GOLD: Better Bid Within Established Range

The latest round of USD weakness and softening of U.S. real yields has allowed bullion to push higher over the last 24 hours, although spot continues to operate in familiar territory, last printing around the $1,855/oz mark. Resistance is located at $1,875.4/oz, the Dec 8 high/bull trigger.

OIL: Very Narrow In Asia

WTI & Brent sit ~$0.10 below their respective settlement levels, holding to extremely narrow sub-$0.20 ranges thus far. This comes after the broader risk-positive tone supported the benchmarks on Tuesday.

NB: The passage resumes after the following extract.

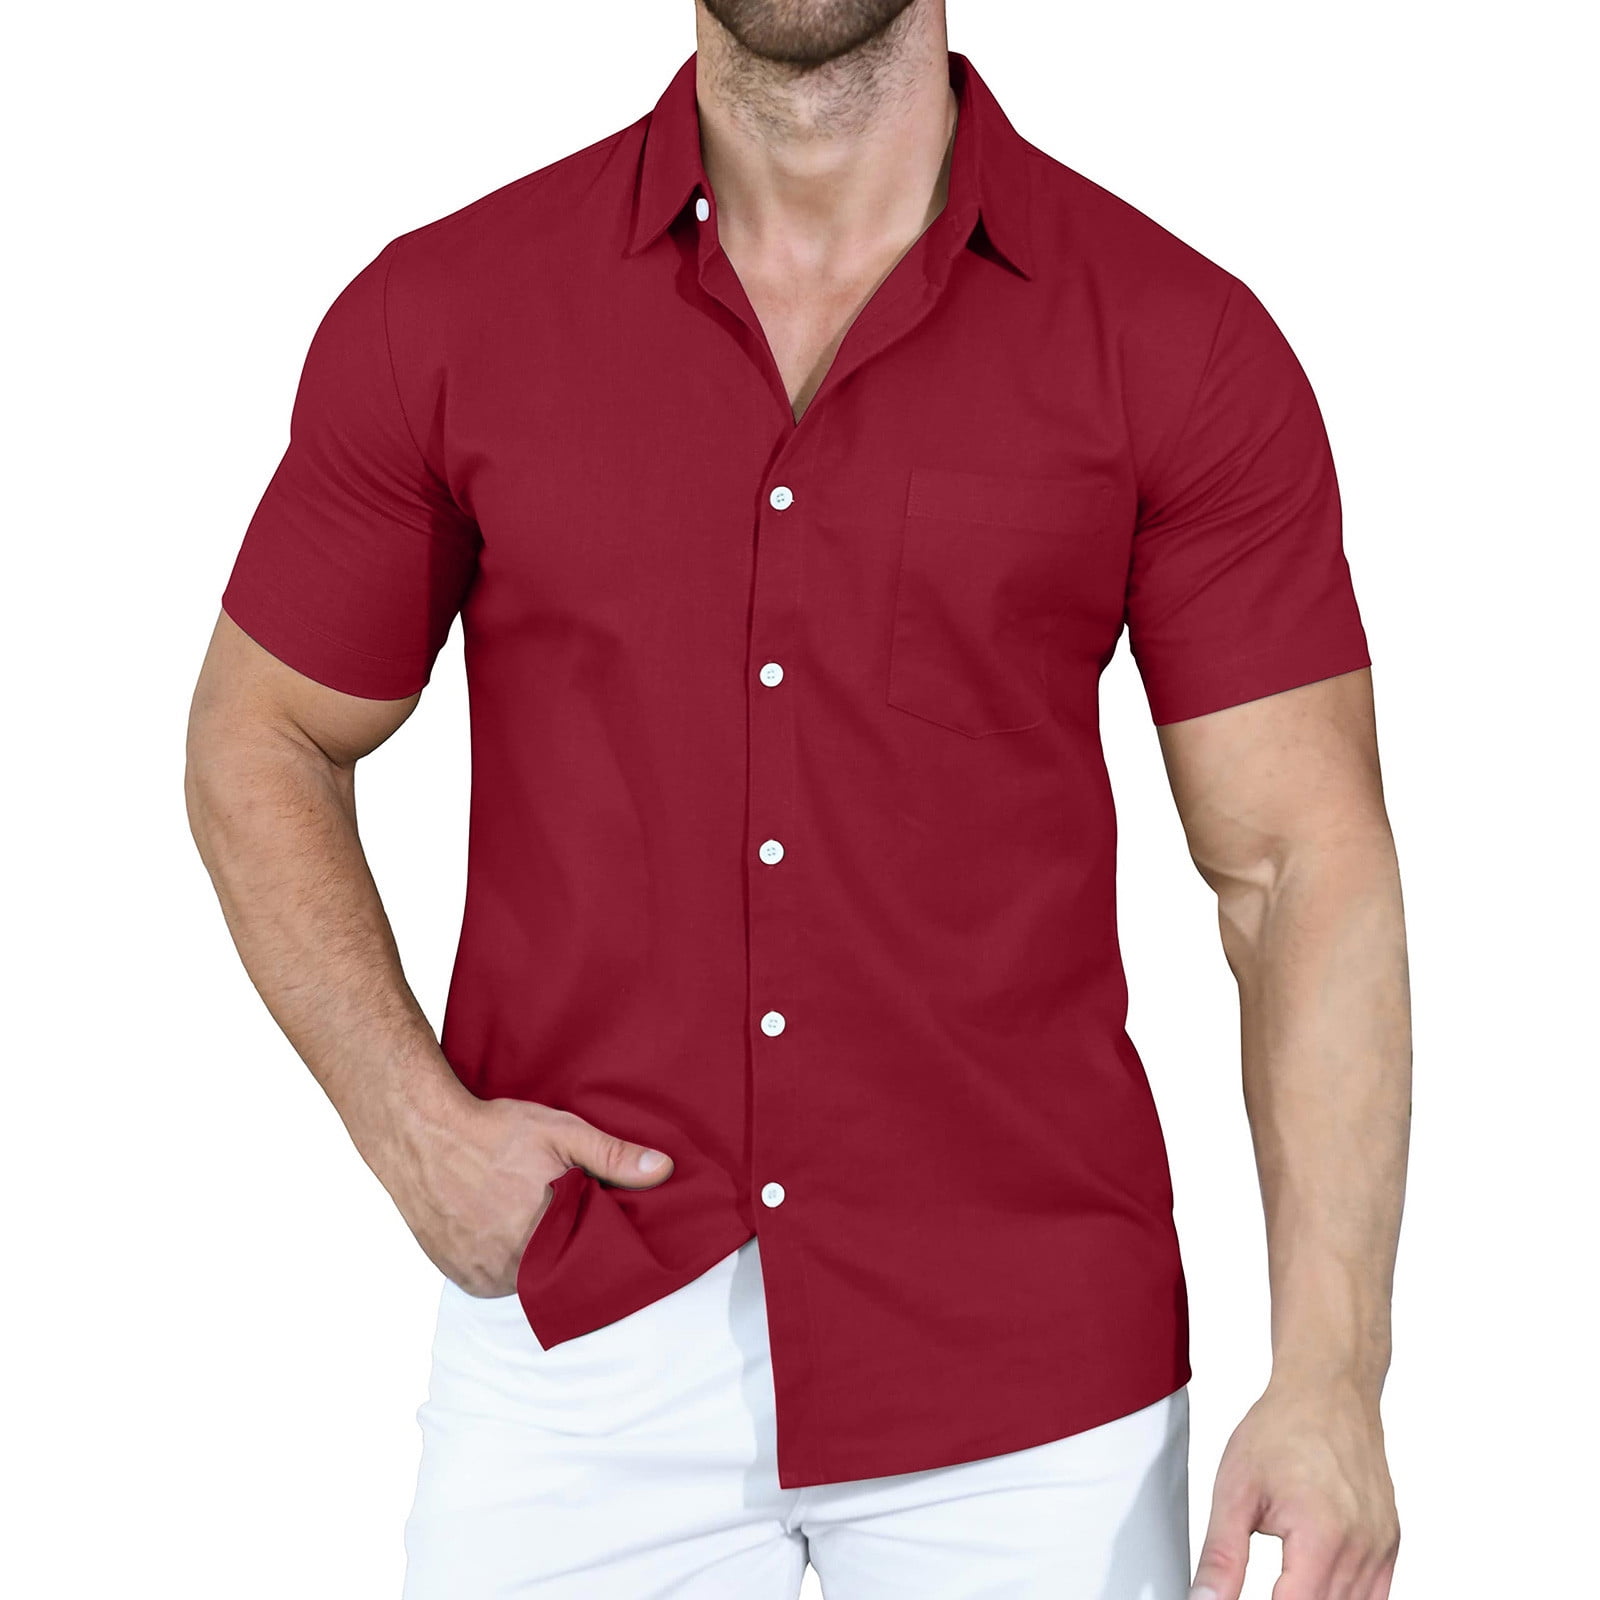 RYRJJ Men's Short Sleeve Button Up Linen Shirts Summer Casual Pocket Beach  Dress Shirts(Brown,XL) 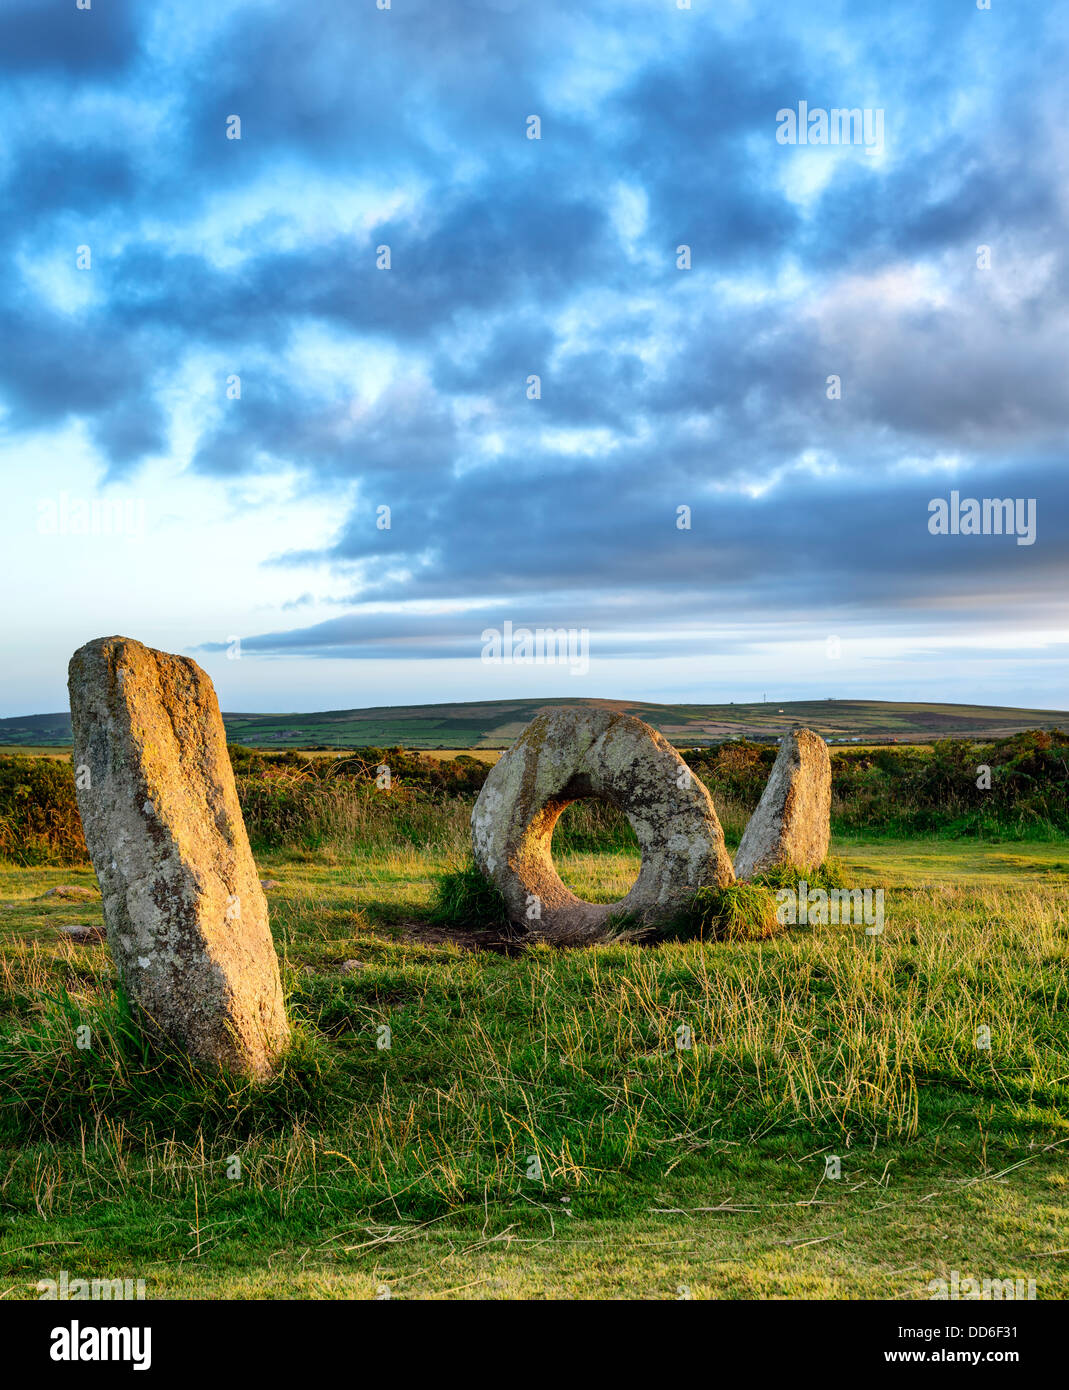 Die Männer ein Tol Menhire sagt in der Nähe von Penzance in Cornwall, Legende, vorbei an einer Person durch die gelochte Stein Kuren Stockfoto

  • The latest round of weekly API inventory estimates hit after hours on Tuesday and was headlined by a surprise build in crude stocks, alongside a much larger than expected build for distillate stocks. We shall see if Wednesday's DoE inventories data point in a similar direction.
  • Elsewhere, Tuesday saw WSJ sources suggest that "Iran has circumvented U.S. sanctions and exported more oil to China and other countries in recent months, providing a lifeline for its struggling economy and undermining the Trump administration's so-called maximum pressure campaign against Tehran."
  • Tuesday also saw the release of the IEA's latest oil market report, in which the Agency cut its '20 & '21 global crude demand forecasts, following other industry bodies.